It may be tempting, if the floodwater seems manageable, to restart the engine to drive out of it. Do not do this. I found this out the hard way back when I first started driving and found myself traversing calf-deep floods along A. Bonifacio. I could see how deep the water was, and made a foolhardy choice. It started out manageable, but an errant bow wave from a passing truck killed the car.

"Fine," I thought, "the water is shallow enough that I can restart the engine." Unfortunately, the residual water in the airbox had other ideas, and the car sputtered to a halt again just half a minute after restarting. After pushing it a kilometer to higher ground and calling for a tow, I was hit with a massive repair bill for a hydrolocked engine. An extremely expensive situation that occurs when metal pistons try to compress almost-incompressible water instead of air, which results in broken pistons, bent rods and cracked engine blocks.


2) Assess the situation

How deep is the water? This determines what you can or should do next.

a. Below the door sills

If the water is below the door sills or is just lapping at the wheel hubs, you may pop the hood so you can open the airbox to check for water ingestion. Most modern cars have air intake snorkels behind the grille or just under the hood. But some have air intakes behind the headlight or bumper. It is possible for water to splash up into these and cause stalling even without coming above your knees.

If your air snorkel is far above the water line, the inside of the airbox is dry, and the ignition wires are not compromised, you may try restarting the vehicle and driving to higher ground. Once there, follow our post-flood tips for inspecting your vehicle

If there is any water in there, or if you are unsure if there is, don’t risk it.

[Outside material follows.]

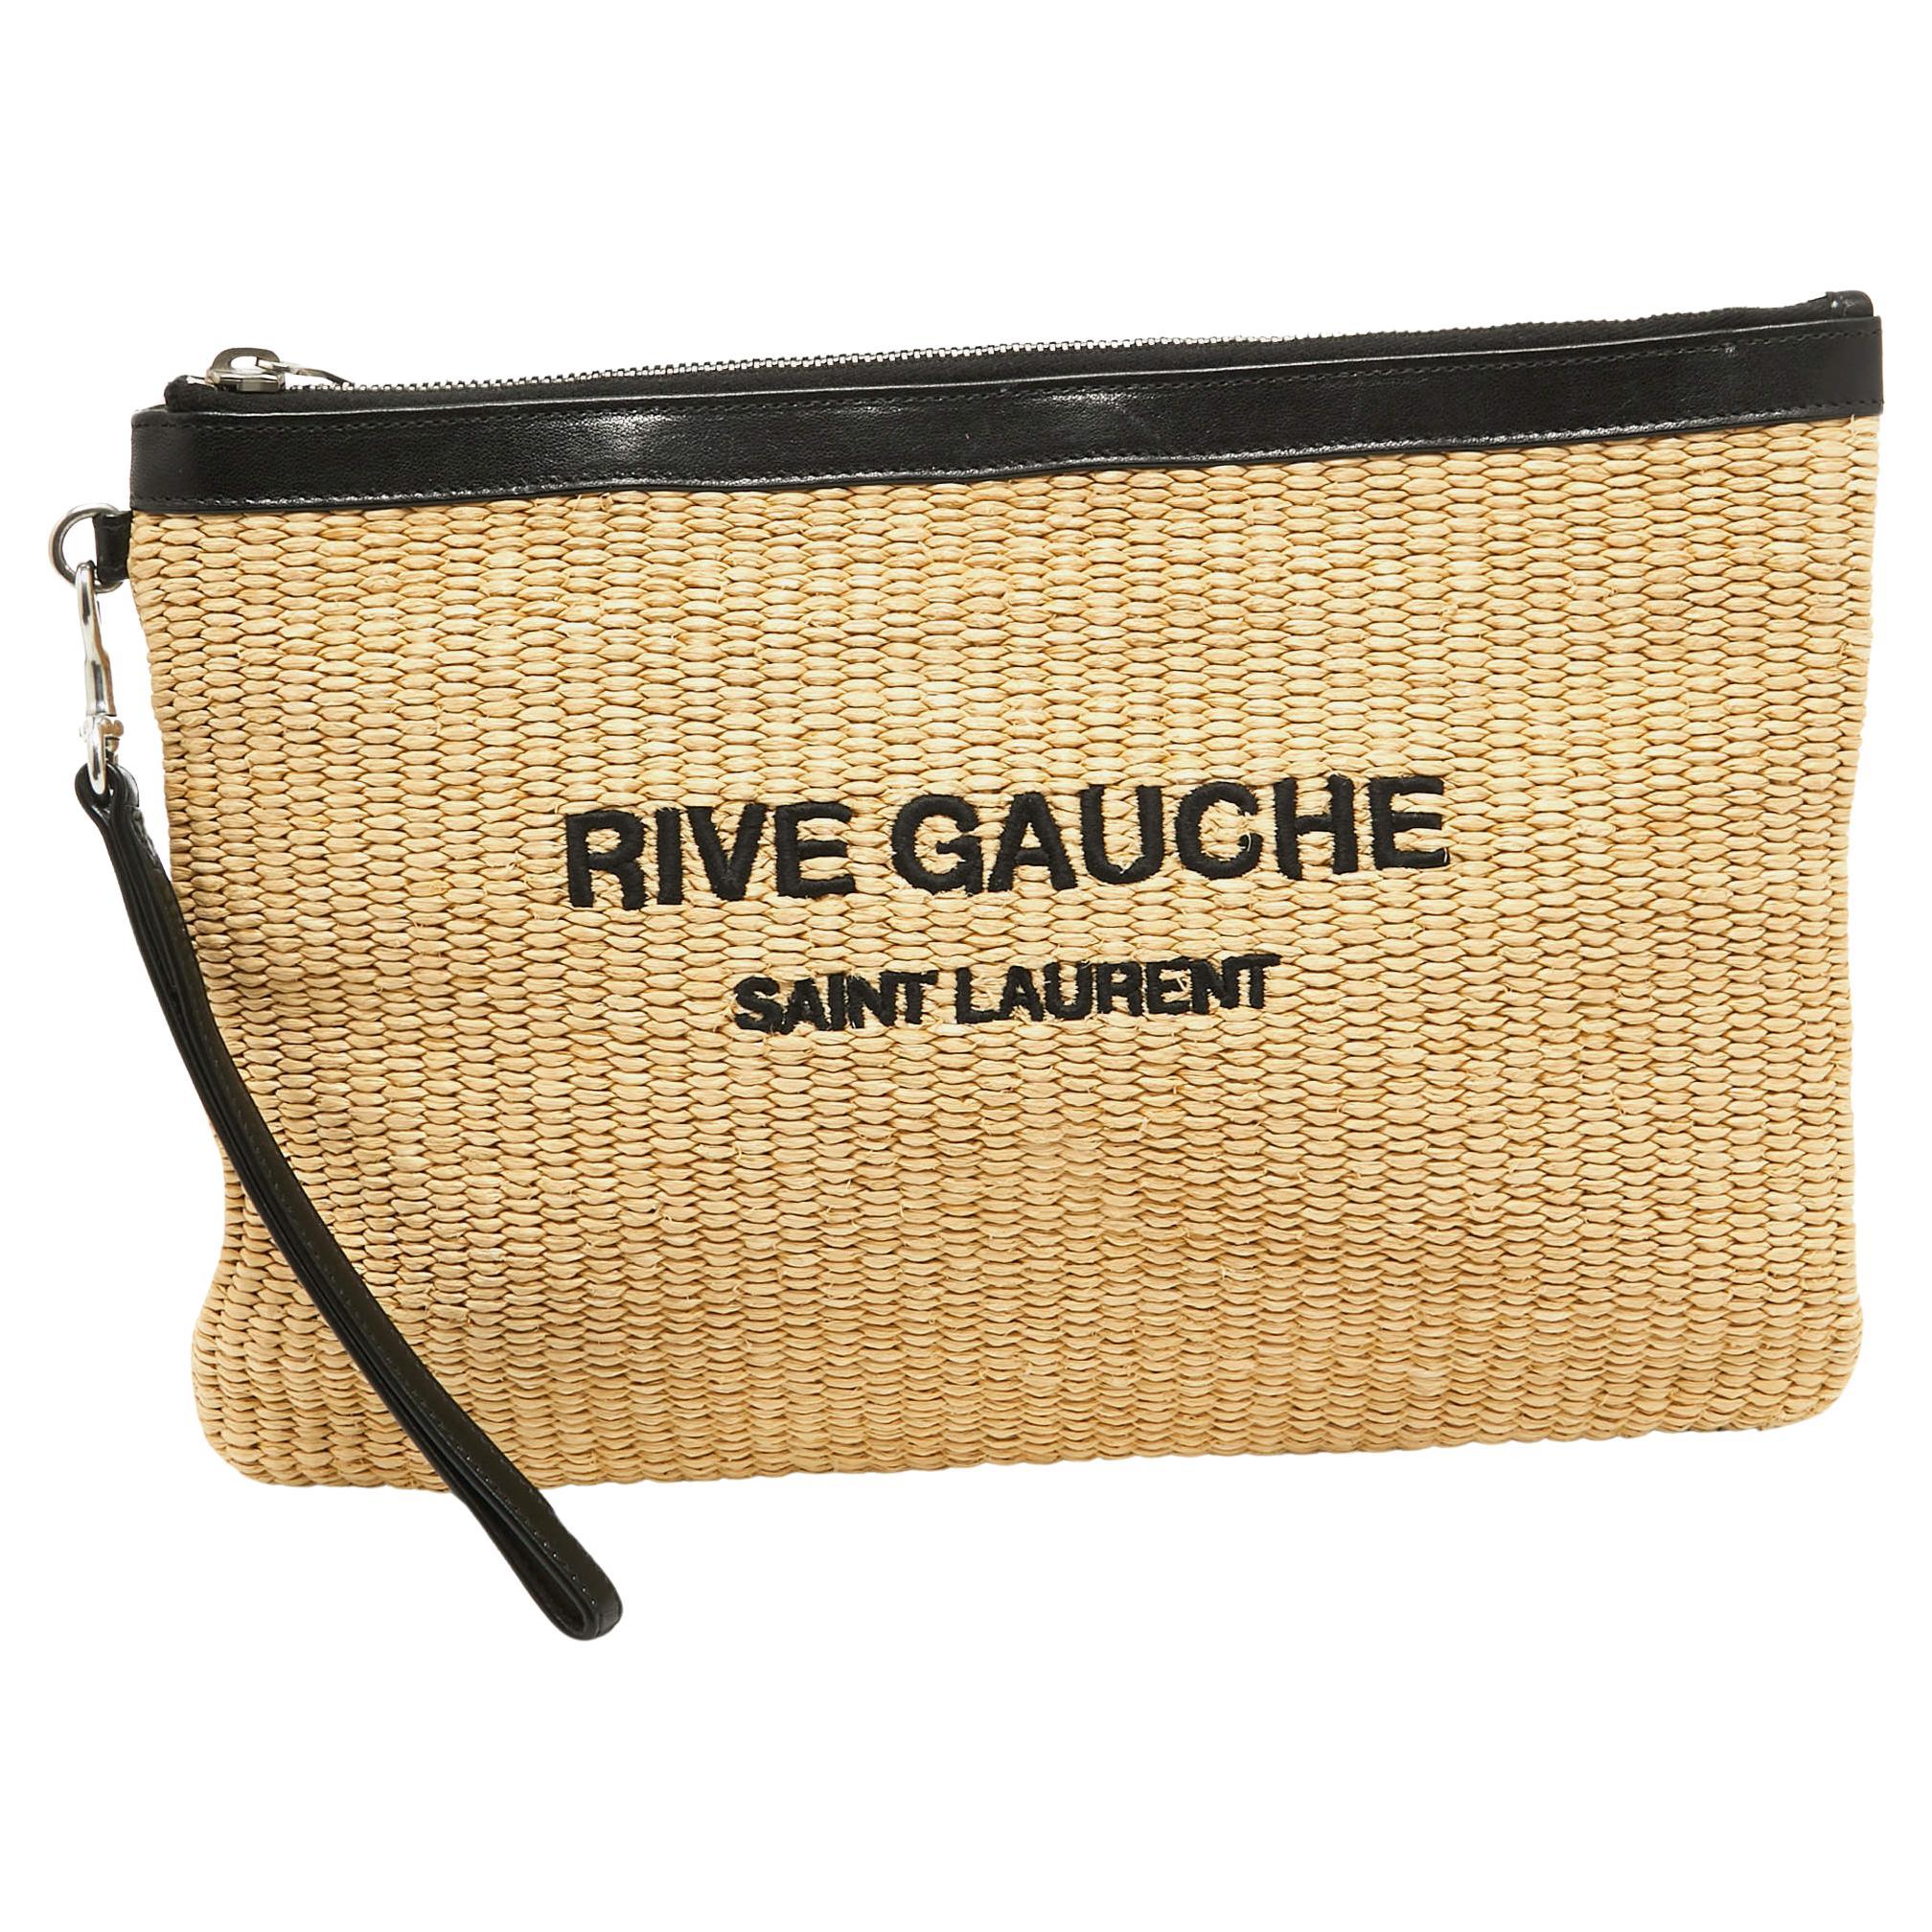 Saint Laurent Beige/Black Raffia and Leather Rive Gauche Zip Wristlet Pouch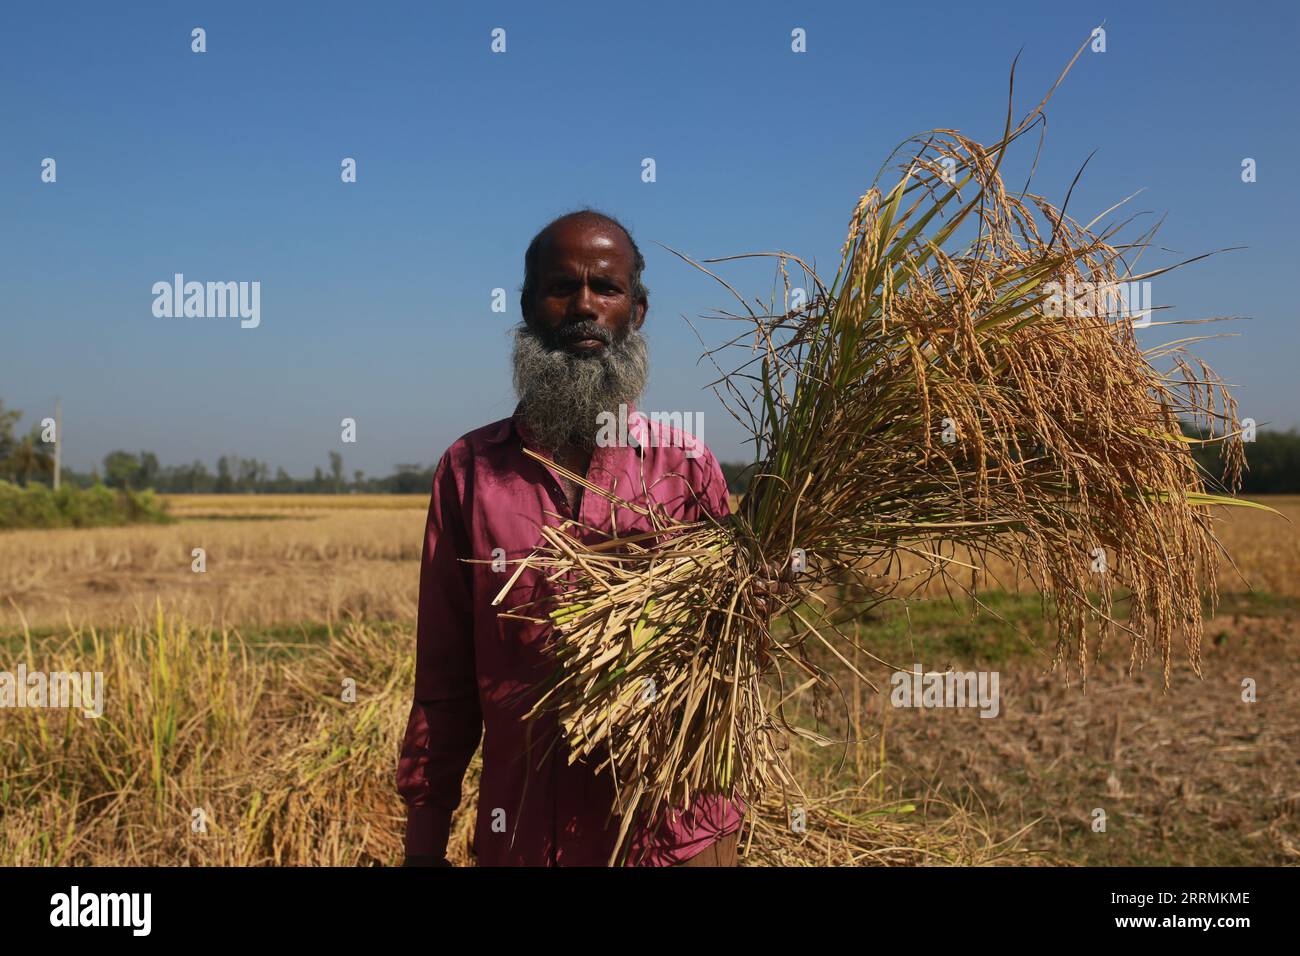 SHERPUR, BANGLADESH- 1 DÉCEMBRE 2021 : un agriculteur pose alors qu'il tient du paddy pendant la récolte à Sherpur, Bangladesh, le 1 décembre 2021. Banque D'Images

While your engine may sometimes stall with just a little bit of water ingestion, there is no way to tell how little or how much water is inside from a cursory visual inspection. Cleaning out a flooded car is much cheaper than cleaning out said car and overhauling a hydrolocked engine.


b. Halfway up the doors: Roll down a window and climb out

Don’t attempt to open the doors, as the water pressure pushing on them from outside will seal them shut. And do you really want to let flood water into the car? If you’re lucky and the water doesn't rise any higher, you might not need to wash the carpets out later.

c. Up to the windowsill or below it but rising fast: Get the hell out of there!

Your car is most likely floating around at this point. Climb out the window, abandon ship, and skip steps 3 and 4. Recovering the car right at this moment is not worth the risk to life and limb it entails.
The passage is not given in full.